After successfully hosting the Birmingham 2022 Commonwealth Games last summer, the £73 million Sandwell Aquatics Centre has now been transformed into a leisure centre.

It boasts a 50m swimming pool, a quieter studio pool, the diving pool with 10m high dive tower, a huge gym, three exercise studios, indoor cycling studio, 3 swimming pools and much more.

A launch event was held yesterday as guests including Walsall’s Paralympic gold medal winning swimmer Ellie Simmonds OBE and chairman of Sport England Chris Boardman MBE were given a tour of the site. And schoolchildren also got the chance to jump in yesterday and get some swimming tips from Ellie too. She said: “What’s great about this facility is not just that it’s got this amazing pool, but also the sports hall, the little swimming pool and the wider impact that it’s going to have on the whole community.

“It is going to draw so many people in and see so many people swimming, with local schools able to get access to the pool. That means they’ll be able to learn to swim, which is such a great sport, but also important for water safety as we live in a region with canals and rivers and lakes, so it’s going to have a massive effect on the whole community. It would have been amazing if this had been here when I was coming up, but what will be great is to see all the schools coming in and seeing how great it looks, with the windows with glass and bringing the weather into the pool.”

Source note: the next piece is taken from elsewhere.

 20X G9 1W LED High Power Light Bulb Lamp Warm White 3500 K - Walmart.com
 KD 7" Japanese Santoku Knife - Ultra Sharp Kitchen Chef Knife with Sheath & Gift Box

The work has been completed after three years and three phases
The pool can be split into up to three separate pools

Leader of Sandwell Council Kerrie Carmichael said: “I would say to pepole to come and have a look and see what we have to offer because it’s an amazing facility and has been built for the community.

“This is also part of the legacy to get children on board to use the centre and help them keep fit and healthy as there’s nowhere else in the West Midlands where an adult or child can swim in an Olympic-sized pool, except for here.” Mayor of the West Midlands Andy Street said the centre brought back fond memories of last year’s Commonwealth Games and was proof of the event’s legacy.